Notice of Extraordinary General Meeting

The Extraordinary General Meeting of AF Gruppen ASA ("Company") will be held on Tuesday 19 November 2019 at 10 a.m. in the company's offices at Innspurten 15, Oslo.

The General Meeting will be opened and chaired by Chairman Pål Egil Rønn, cf. Section 5- 12 first paragraph of the Public Limited Liability Companies Act and Article 6 of the Articles of Association.

Agenda:

  • 1. Election of chairman and one person to countersign the minutes
  • 2. Approval of the notice and agenda

3. Capital increase through the implementation of a repair share issue

The proposal for resolution in item 3 is apparent from appendix 1.

AF Gruppen ASA has a share capital of NOK 5,014,534.90 made up of 100,290,698 shares, each with a face value of NOK 0.05. Each share gives the right to one vote at the company's general meetings. As at the date of this notice, AF Gruppen ASA owns 360 treasury shares.
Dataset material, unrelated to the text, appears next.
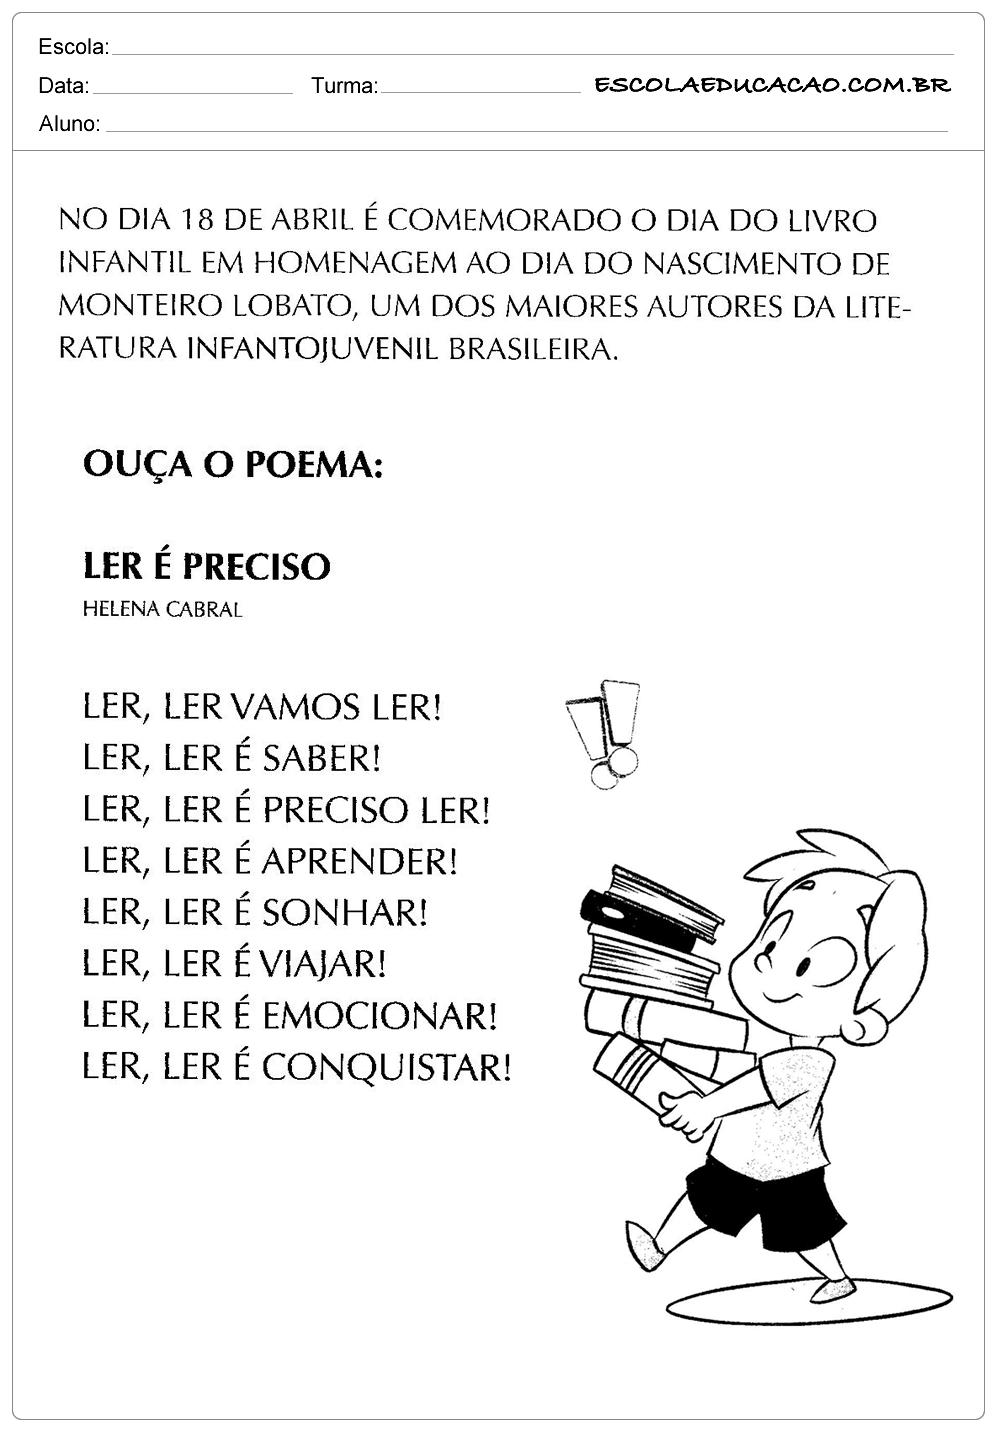 Excepcional Atividades Dia do Livro Infantil - Ouça o Poema - Escola Educação VS97

The shareholders have the following rights in connection with general meetings:

  • Right to attend general meetings, either in person or by proxy.
  • Right to express themselves at general meetings.
  • Right to bring one adviser and give them the right to express themselves.
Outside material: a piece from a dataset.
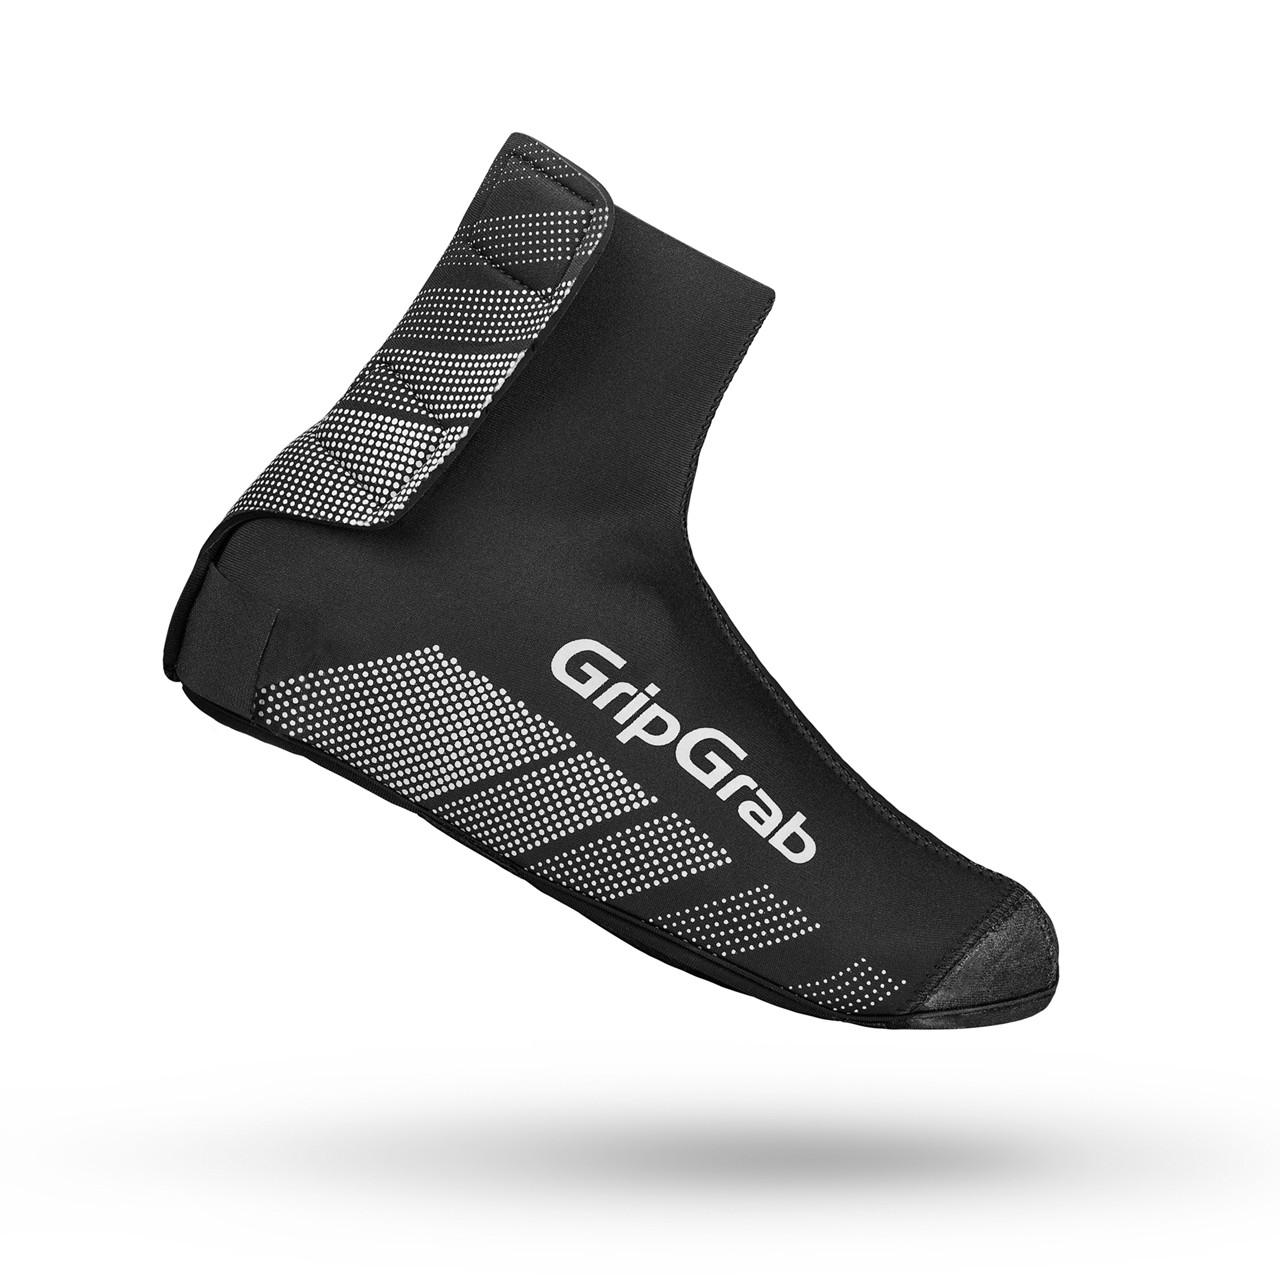 Køb Grip Grab Ride Vinter Skoovertræk

If you wish to appoint a proxy to represent you at the Extraordinary General Meeting, please use the attached proxy form. Proxies must be appointed in writing and sent to the Company by Tuesday 18 November 2019.

Registration for the Extraordinary General Meeting must be received by the Company no later than 18 November 2019. Shareholders who have not registered by this deadline may be refused entry to the Extraordinary General Meeting. Please use the registration form you have been sent or notify us by telephone by calling 22 89 11 00 if you wish to attend the Extraordinary General Meeting.
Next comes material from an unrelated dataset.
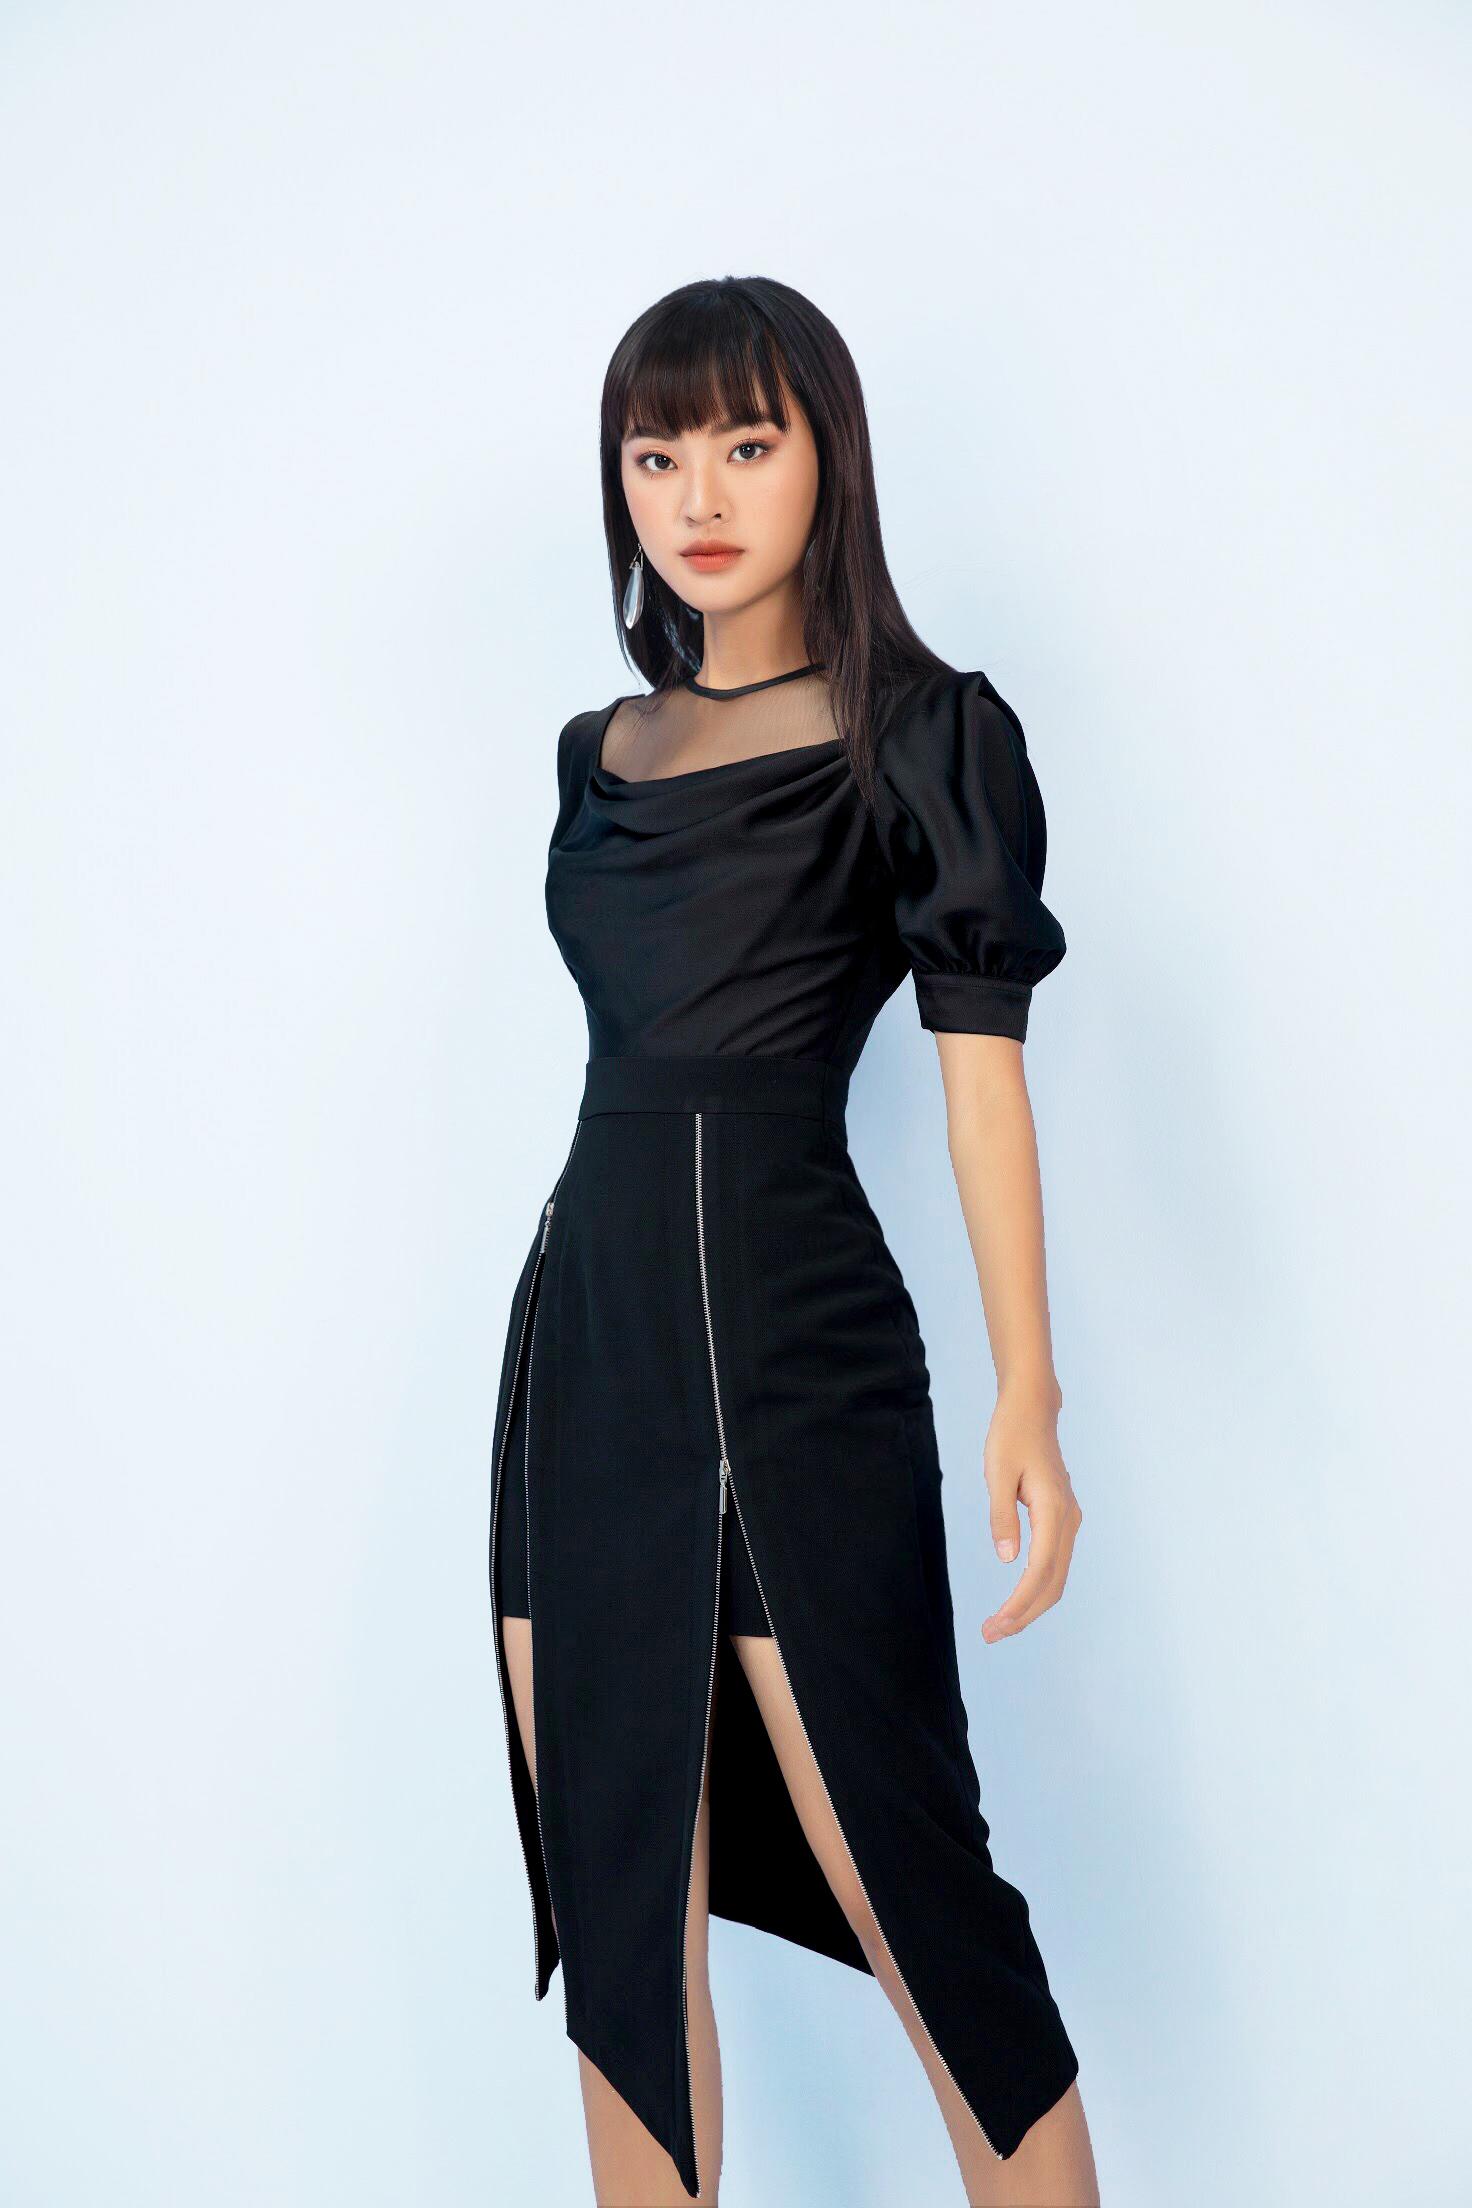 V782 - Váy đầm bút chì cổ đổ pha lưới hai khóa thiết kế tay bồng - Đen, Ghi sáng - Bely

This notice of meeting and enclosures are available on the company's website: www.afgruppen.no.

In accordance with Article 6 of the Articles of Association, the appendices to the notice of meeting are not sent by post to the shareholders.

The Company's latest financial statements, annual report and auditor's report are available from the Company's registered office, Innspurten 15, 0663 Oslo, and on the Company's website, www.afgruppen.no. The Company prepared an information document on the acquisition of the shares in Betonmast AS that was published on 30 September 2019. The information document is also available on the Company's website.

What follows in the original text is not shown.